John F is a Californian archaeologist. George M is an Australian architect based in London. I have no idea what the nature of their personal relationship is, though there could be more to it than meets the eye. They have collaborated on a number of ventures and have around thirty books to their credit on Amazon, including several on South India. They spend a quarter of the year in John F’s Manhattan apartment. The next quarter is spent at George M’s flat (there are no apartments in London!) which opens right on to the Opera House in Covent Garden. The third quarter is spent at a house in Goa coupled with visits to various sites in India. The remaining time is spent taking tourists through Central Asia and India or on special assignments. The special assignment which brought them (in transit) to Pakistan was a trip to document whatever Islamic architecture there is in Urumqi and Kashgar in Xingiang Province. Yes, South China Airlines has a rickety service which connects scintillating Islamabad to humming Urumqi.
All of this brings me to the very static nature of my life right now. I have been unable to get to Karachi for the last six weeks, while there are people gliding through continents with the frequency of my trips to the local supermarket. Part of the problem is the Little Green Book which nobody wants to affix a visa onto.(Who cares how many columns my passport has, when nobody is interested in reading it ?) My Brit Visa took around two months to acquire. My Schengen is coming via a recommendation from Europe. I refuse to risk a random application. What is the world coming to? Pakistan is a notoriously difficult country to leave. And other countries are now becoming notoriously difficult to enter. An old school friend lives in London and is determined to see as many countries of the world as possible. She has visited 47 (or was that 57?) already and called from Gabon last week. She has a Little Blue Book, however, which makes these random fantasies materialize. My wanderlust will have to take a back seat for a while.
Despite all this moaning I am still on track to leave for London and Paris in the near future. Will I make it? Watch this space.
2 Comments:
that little green book is such a pain in the ass!! last time i went to get a visa (i was brave/foolish, i went to the american embassy), i was "interviewed" for 30 seconds, looked at as a potential terrorist/immigrant and dismissed politely with a 'you haven't traveled to america BEFORE, so you can not enter. on top of that, you're too young and too fucking single".

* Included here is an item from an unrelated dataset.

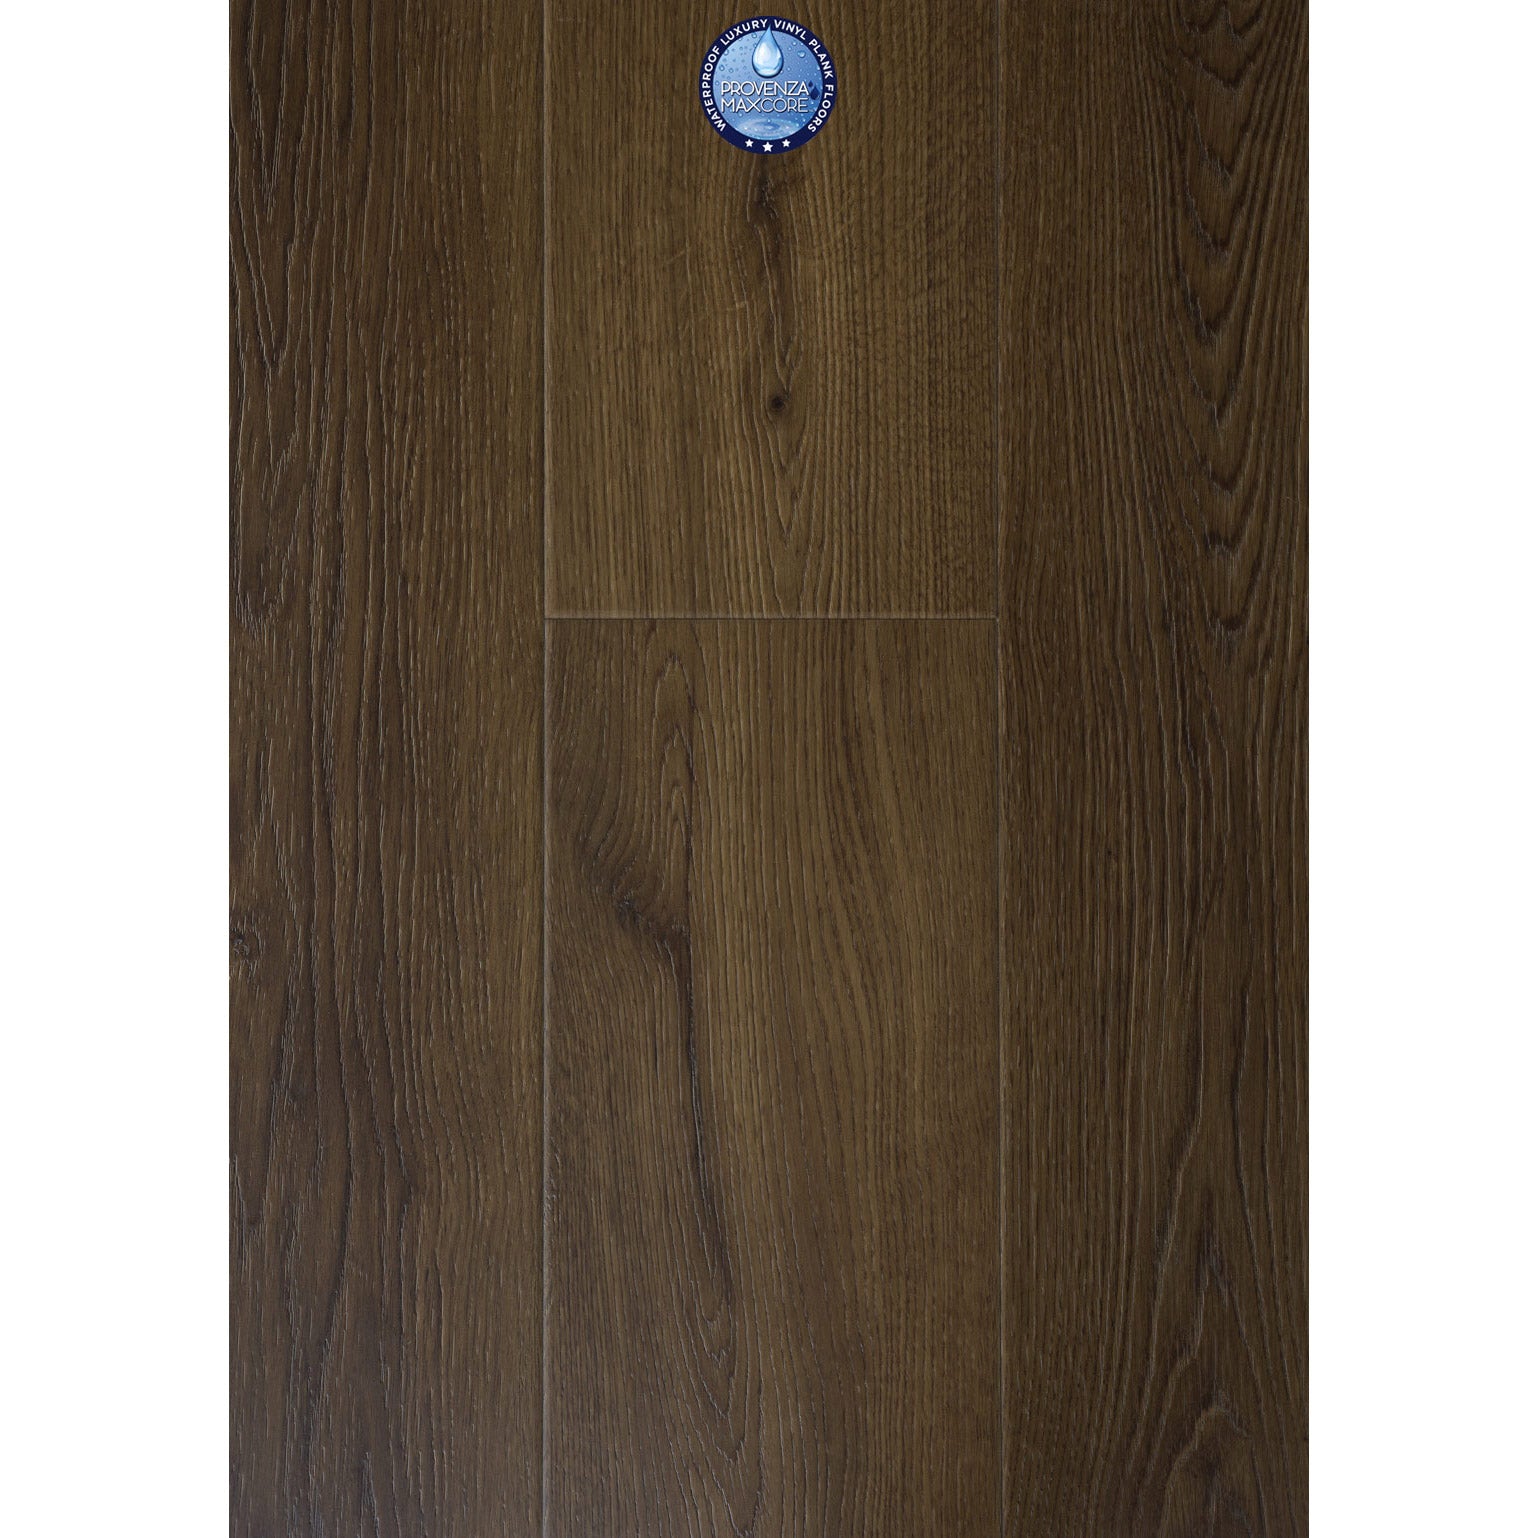 Provenza Floors - New Wave - 8.75 in. x 72 in. Rigid Core - Night Owl

it was the most annoying thing on earth - i had spent a week collecting all the documents to support my case (they did not even glance at it), paid a hundred dollars, and waited for 6 hours to be told to fuck off!
i haven't tried since, but i'm considering going to London, and then Amsterdam (as one MUST be allowed to smoke up legally, at least once in their lives and explore all their weird festishes) this summer. Hopefully, those embassies will be more considerate and the wretched green book won't ruin everything again!
Yes, Sarah. What we've both left unspoken is the sheer affront to human dignity, the ghastly humility of having to cue like worker ants justifying (to bourgeois bureaucrats) the fact that we want to smoke (legally), we want to dance, we want to listen to live jazz, we want to go for a walk in the bois (!), we want coffee eclairs, we want to browse at Virgin, and we PROMISE to return.